What military equipment and why does Eastern Europe promise to transfer to the APU
NATO Secretary General Jens Stoltenberg said that "it is necessary to have time to rearm Ukrainian troops in the coming weeks." How the alliance is going to rearm Ukraine and how realistic it is - in the material of "Gazeta.Ru».
Jens Stoltenberg also noted that NATO provides military assistance in such a volume that "will not lead to a full-scale war between nuclear powers." "The Allies are committed to providing further support to Ukraine, including the supply of anti-tank weapons, air defense systems and other weapons," he added.
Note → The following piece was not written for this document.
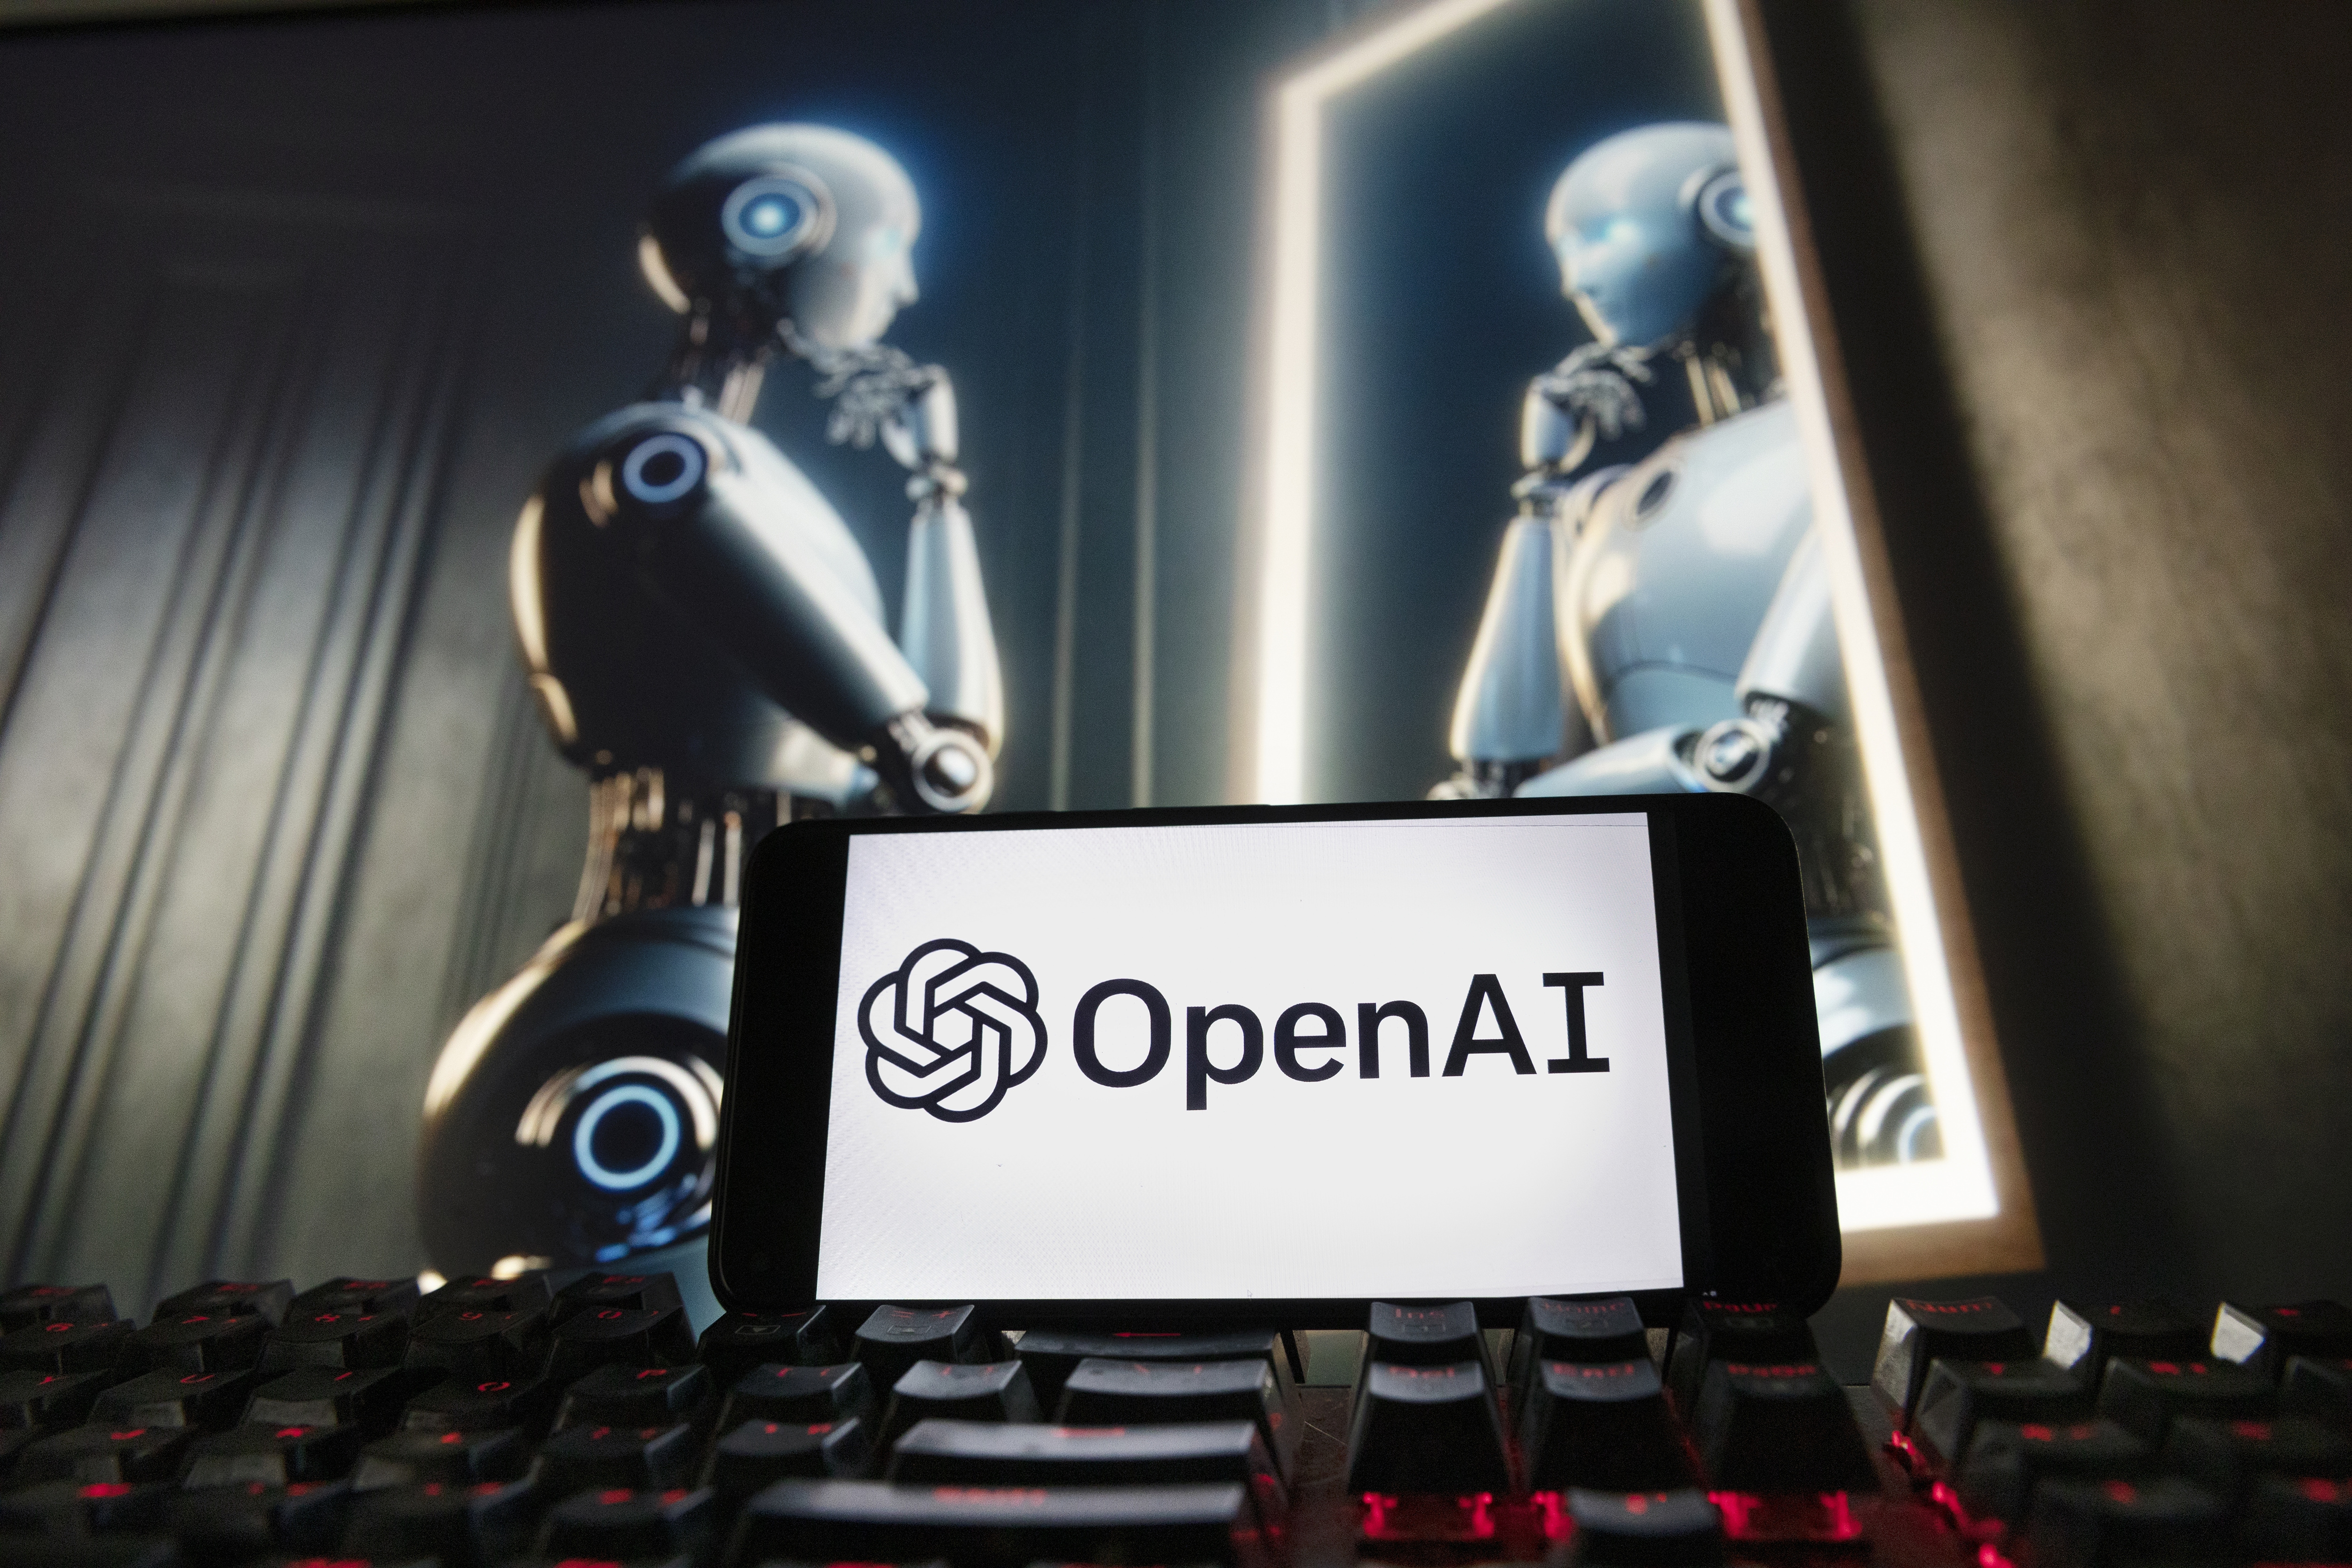 FILE- The OpenAI logo is displayed on a cell phone with an image on a computer monitor generated by ChatGPT's Dall-E text-to-image model, Dec. 8, 2023, in Boston. The European Union is escalating its scrutiny of the artificial intelligence industry, including taking a fresh look into Microsoft’s multibillion-dollar partnership with OpenAI. The bloc started reviewing the multibillion-dollar deal last year to see whether it broke EU merger rules but dropped it after concluding Microsoft hadn’t gained control of OpenAI. (AP Photo/Michael Dwyer, File)

"Stoltenberg, apparently, meant an increase in the supply of lethal weapons to Kiev. Even the member countries of the alliance from Eastern Europe failed to completely rearm the NATO bloc. Hungary, Poland and the Czech Republic, who were the first to join the alliance in March 1999, as well as the "recruits" of 2004, Bulgaria, Romania, Slovakia, Slovenia and the Baltic countries, still cannot get rid of the types of weapons they received from the USSR," he told the newspaper.Ru" member of the Board of Military Experts Sergey Belousov.
Reserve Major General Vladimir Popov, in turn, noted that the AFU currently has no opportunity to repair equipment, since a significant number of military factories, military repair bases have been destroyed by Russian troops, including with the use of precision guided missiles.
"The APU essentially has no rear. There is no own production in the country, the repair and restoration base is also practically absent. One hope is for the supply of foreign weapons, but such assistance should go in continuous echelons, including with heavy weapons," Popov says.
Chernokhova, for her part, said that the Czech Republic does carry out some military supplies to Ukraine, but refused to specify which ones. "This is not the time for such curiosity. We supply everything we need," Chernokhova noted.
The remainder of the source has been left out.